Medicine Hat, Alta. – The Western Hockey League announced March 1st the Bob Ridley Award for Media Excellence, a new WHL Award which will be presented annually to a distinguished member of the radio, television, and print journalism industry in recognition of their outstanding contributions to sports journalism and the WHL.
Original WHL Article:
http://https://whl.ca/article/western-hockey-league-unveils-bob-ridley-award-for-media-excellence

Provincial Sport Organization of the Month: Baseball Alberta

Baseball Alberta had its birth in the early 1900s, known at that time as the Alberta Amateur Baseball Association. For much of the early 1900s, the Alberta Amateur Baseball Association focused solely on Junior and Senior levels as they oversaw the leagues and Provincial Playoffs.

By 1964, the Alberta Amateur Baseball Association began organizing baseball in the province at all levels from Pee-Wee to Senior. The Provincial Government saw the need to provide travel funds for teams travelling to Westerns and Nationals in 1970. Very quickly baseball began taking off, as in 1971 there were already 104 communities involved with 539 teams registered.

In 1986 the Alberta Baseball Association adopted the name Baseball Alberta as its working name of choice. Today, Baseball Alberta is a leader in developing and promoting baseball on the Local, Provincial and National scene.

Baseball Alberta has been a National leader in developing items such as the Canadian Rule Book, the first National Baseball Week, Baseball Canada Pitch Counts, Girls/Women’s Baseball, the NUCP and NCCP, the Respect in Sport initiative, the Rally Cap and Grand Slam Programs.

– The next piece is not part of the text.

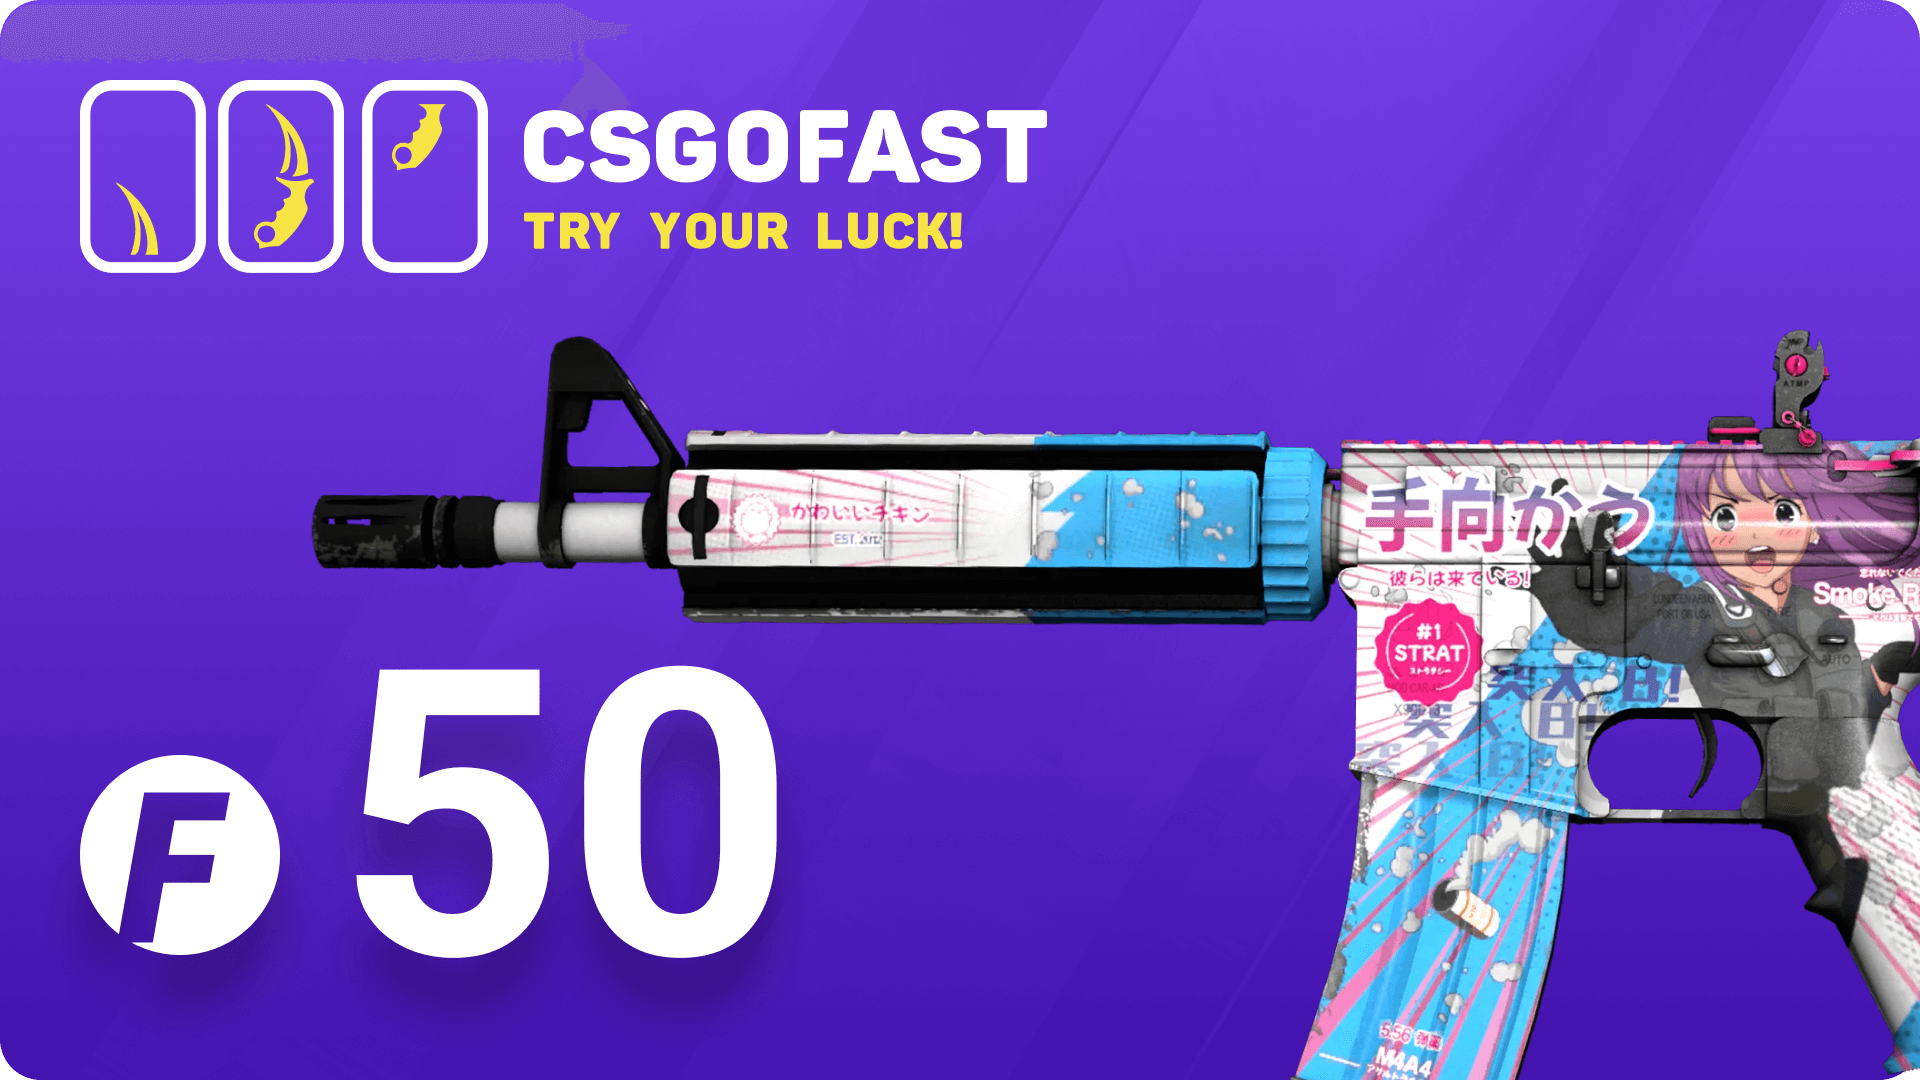 [$ 35.48] CSGOFAST 50 Fast Coins Gift Card
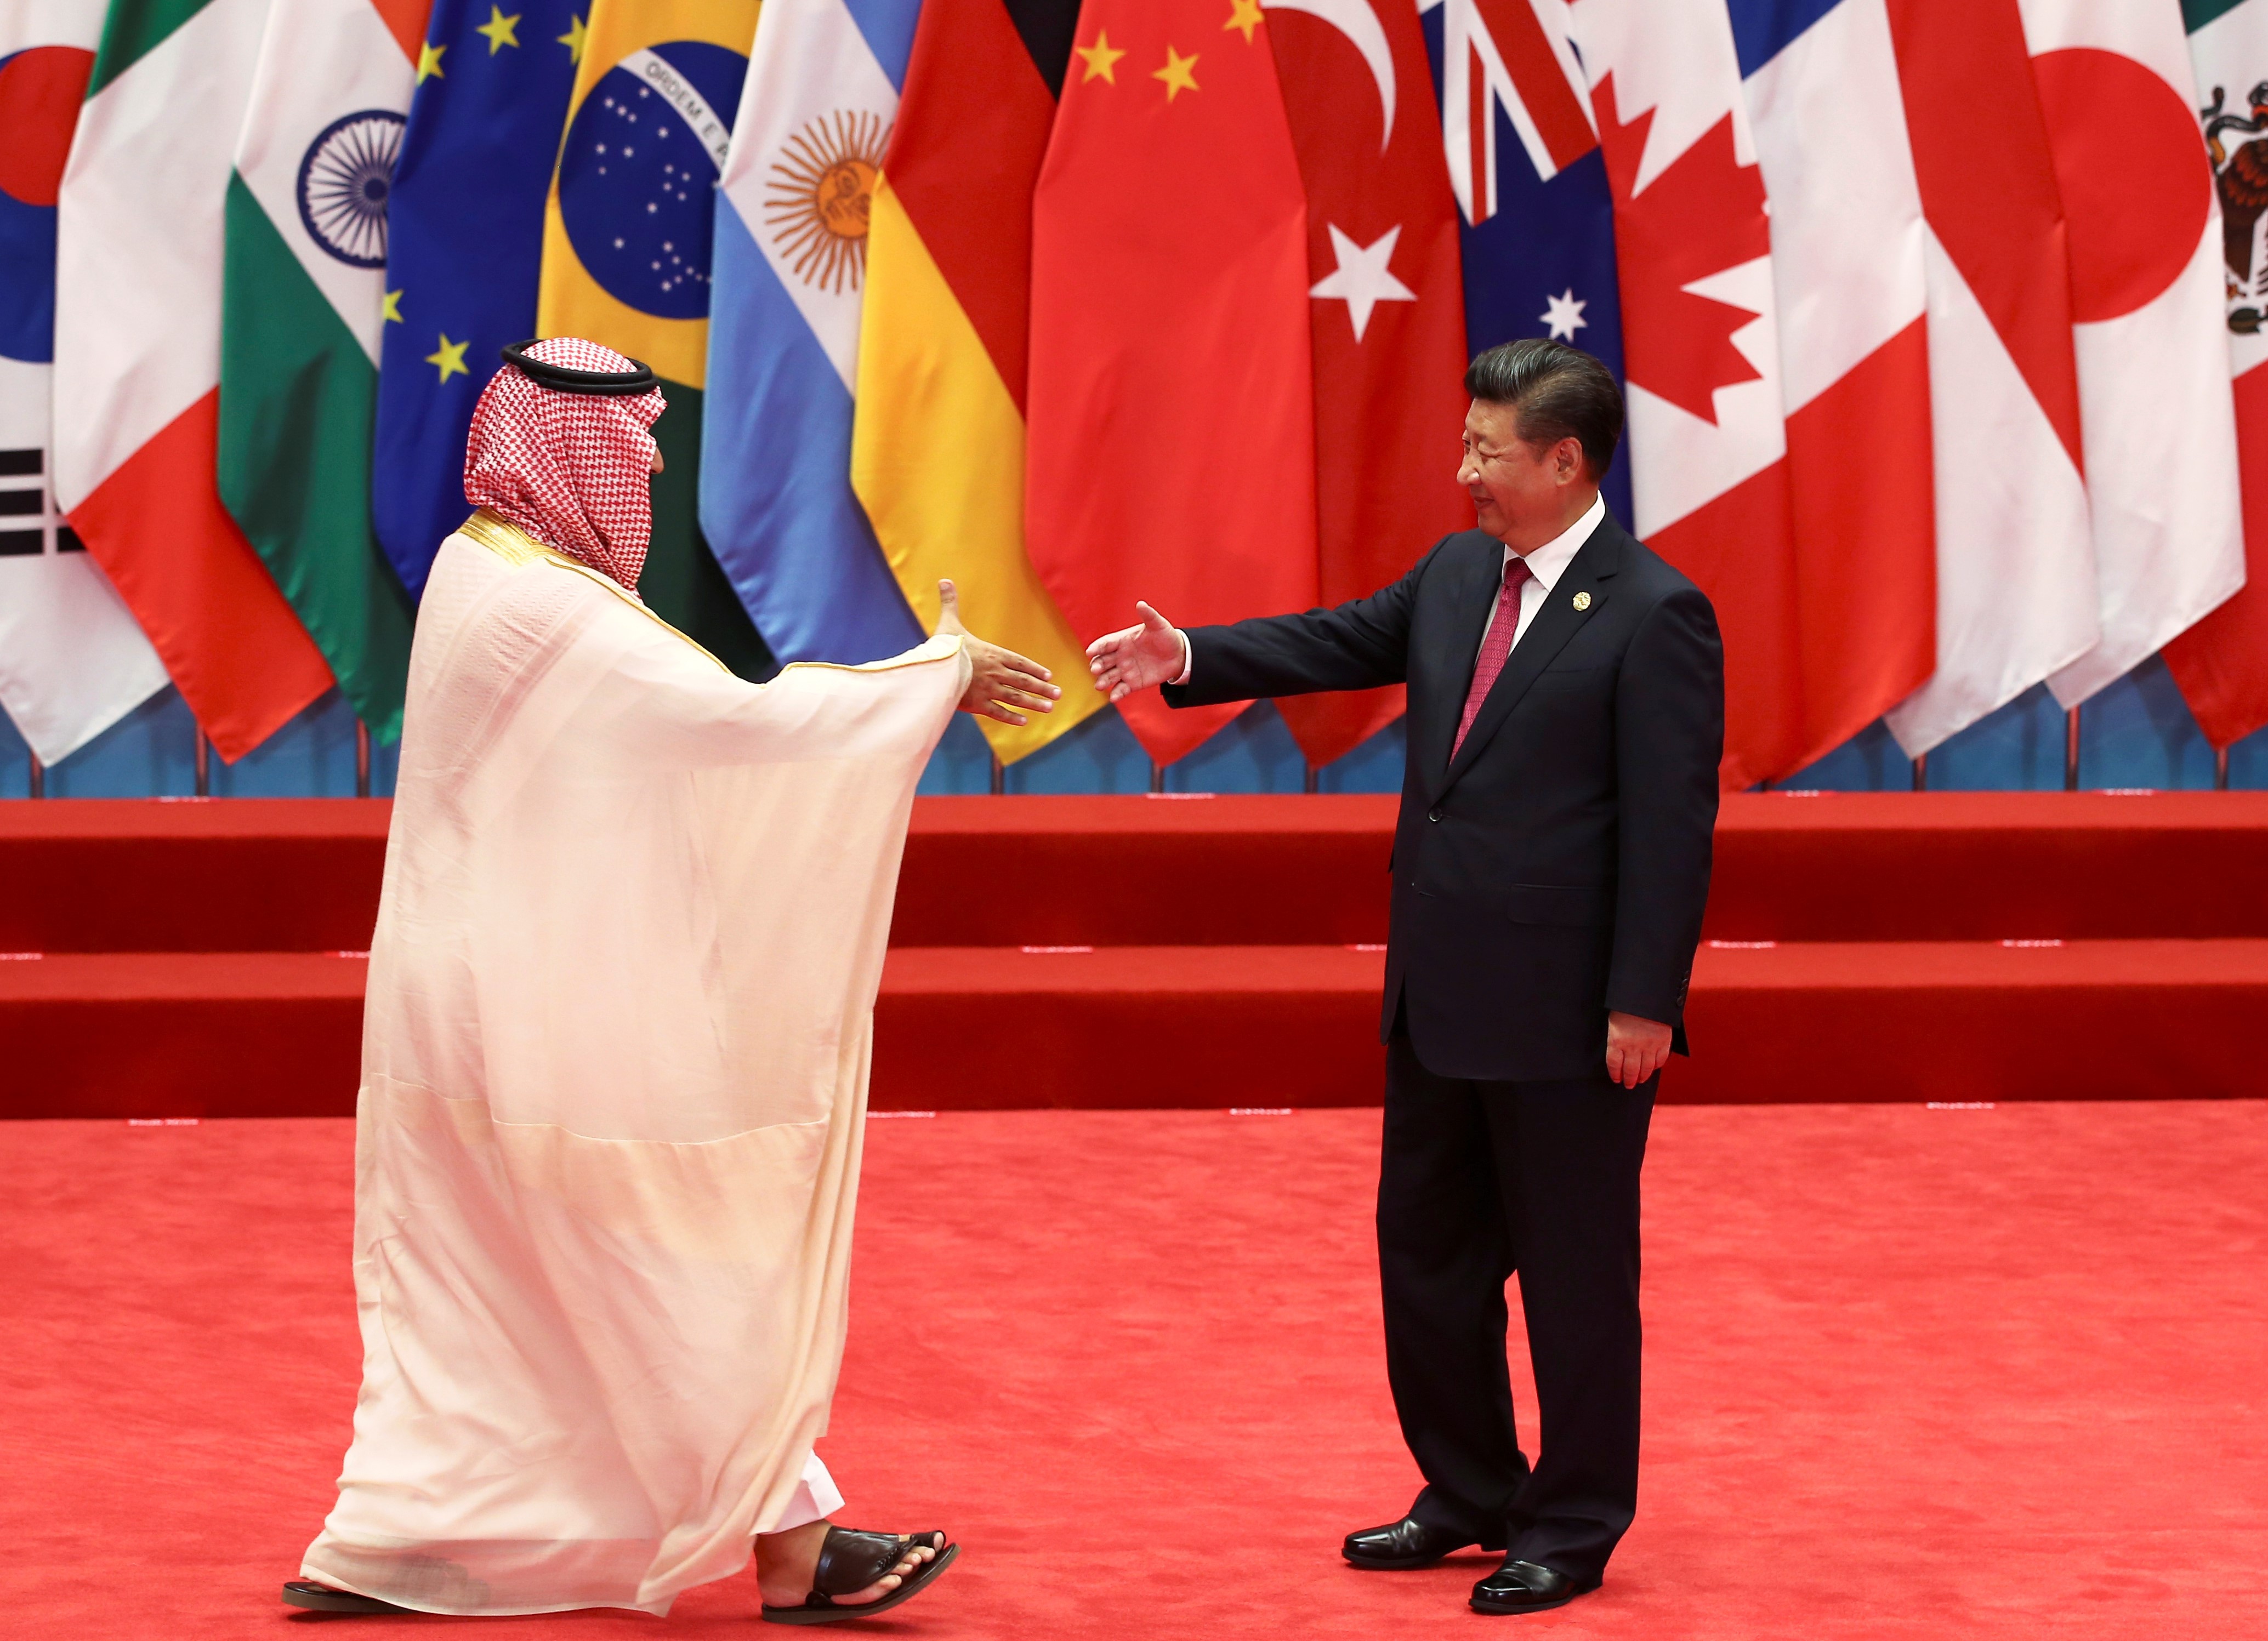 China's President Xi Jinping shakes hands with Crown Prince Mohammed bin Salman during the G20 Summit in Hangzhou, Zhejiang province, China (AFP)

There are now close to 100 associations registered with Baseball Alberta from all parts of the province and has over 15,000 players registered and playing baseball.  Baseball Alberta prides itself on providing the opportunity for people of all ages, abilities, and backgrounds to participate in the game of baseball.

This Month in Alberta Sports History

On March 3, 2019, the 27th Canada Winter Games wrapped up following an incredible two-week run in Red Deer. Approximately 2,400 athletes representing all ten of Canada’s provinces and all three territories took part in the event, which began on February 15. Team Quebec finished on top of the podium with 146 total medals, with Team Alberta in second with 100 total medals, and Team British Columbia in third with 87 total medals. Away from the sporting venues, the Games also featured a rich arts and cultural festival.

Artifact of the Month

Artefact: Silver Chalice Trophy
Accession #: 2001.15.08
Year: 1940s-1950s
Description:
The Alexandra Hotel Trophy was awarded to athletes competing in the Calgary Ladies Fastball annual championship between 1945 and 1956. Across the wooden base, there are seven small plaques with the names of the winning teams and the year of the championship. This trophy is made from silver and is shaped in the traditional ‘chalice’ style. Cup-style trophies began to appear at sporting events as early as the late 1600s. Since then, trophy style has changed considerably; with various shapes and designs found in modern trophies. The classic chalice-style, however, has remained one of the more popular choices in marking victory.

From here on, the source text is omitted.